Social Security Versus National SecurityRoundup
tags: foreign policy, militarism
Rebecca Gordon, a TomDispatch regular, teaches at the University of San Francisco. She is the author of American Nuremberg: The U.S. Officials Who Should Stand Trial for Post-9/11 War Crimes and is now at work on a new book on the history of torture in the United States.
These days my conversations with friends about the new administration go something like this:
“Biden’s doing better than I thought he would.”
“But on the military–”
“Yeah, same old, same old.”
As my friends and I have noticed, President Joe Biden remains super-glued to the same old post-World War II agreement between the two major parties: they can differ vastly on domestic policies, but they remain united when it comes to projecting U.S. military power around the world and to the government spending that sustains it.
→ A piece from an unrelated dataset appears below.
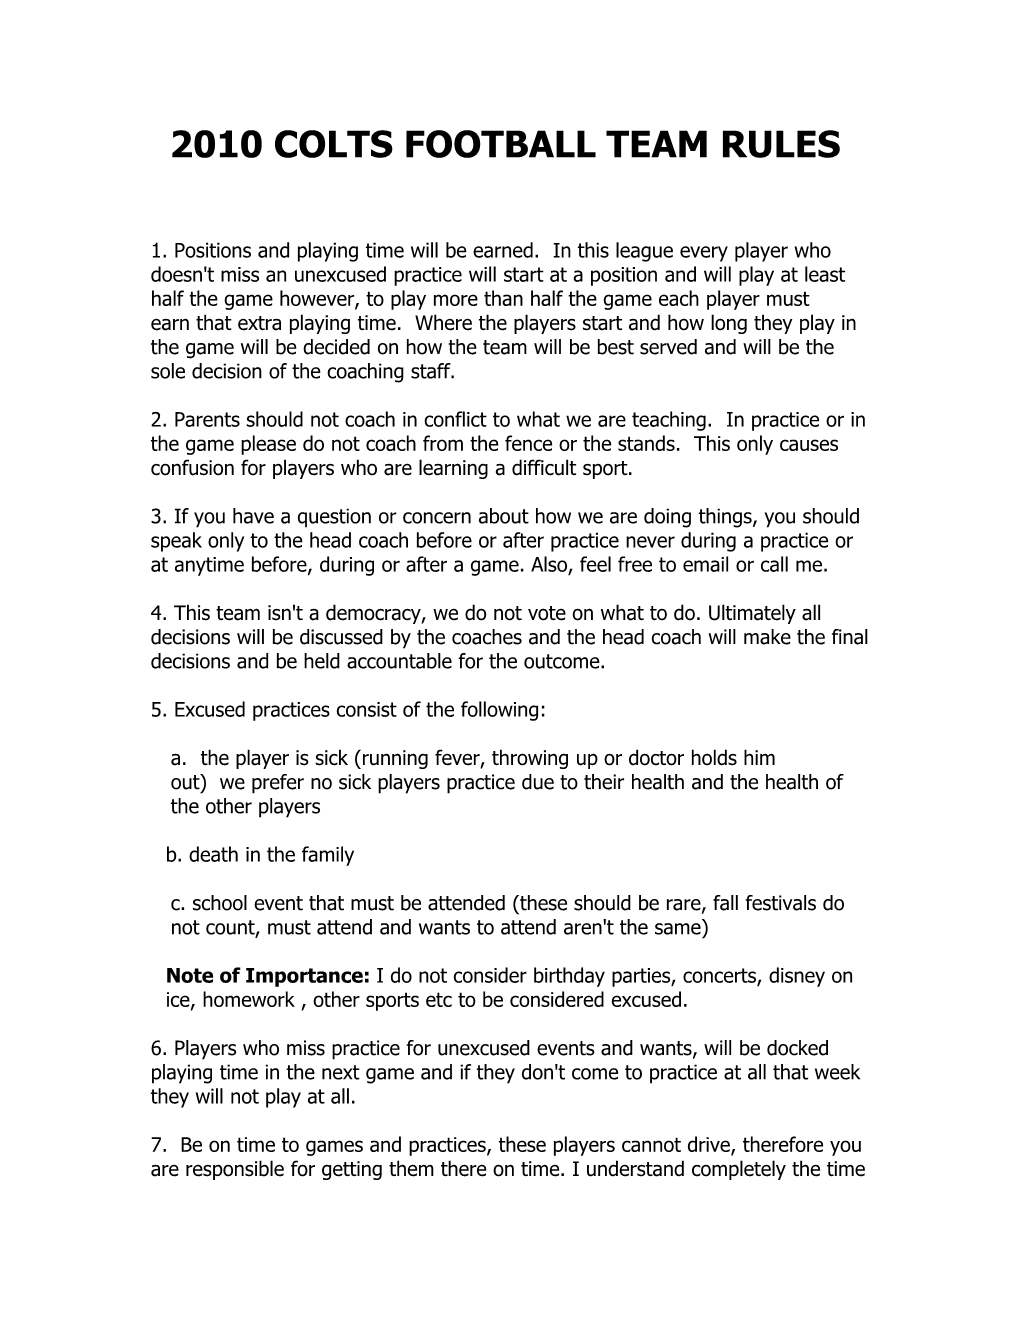 2010 Colts Football Team Rules

In other words, the U.S. “national security” budget is still the third rail of politics in this country.
Of course, there’s a second high-voltage, untouchable rail in American politics and that’s funding for the military and weapons manufacturers. It takes a brave politician indeed to suggest even the most minor of reductions in Pentagon spending, which has for years been the single largest item of discretionary spending in the federal budget.
It’s notoriously difficult to identify how much money the government actually spends annually on the military. President Trump’s last Pentagon budget, for the fiscal year ending on September 30th, offered about $740 billion to the armed services (not including outlays for veteran services and pensions). Or maybe it was only $705.4 billion. Or perhaps, including Department of Energy outlays involving nuclear weapons, $753.5 billion. (And none of those figures even faintly reflected full national-security spending, which is certainly well over a trillion dollars annually.)
Most estimates put President Biden’s 2022 military budget at $753 billion — about the same as Trump’s for the previous year. As former Senator Everett Dirksen is once supposed to have said, “A billion here, a billion there, and pretty soon you’re talking real money.”
Indeed, we’re talking real money and real entitlements here that can’t be touched in Washington without risking political electrocution. Unlike actual citizens, U.S. arms manufacturers seem entitled to ever-increasing government subsidies — welfare for weapons, if you like. Beyond the billions spent to directly fund the development and purchase of various weapons systems, every time the government permits arms sales to other countries, it’s expanding the coffers of companies like Lockheed-Martin, Northrup-Grumman, Boeing, and Raytheon Technologies. The real beneficiaries of Donald Trump’s so-called Abraham Accords between Israel and the majority Muslim states of Morocco, the United Arab Emirates, Bahrain, and Sudan were the U.S. companies that sell the weaponry that sweetened those deals for Israel’s new friends.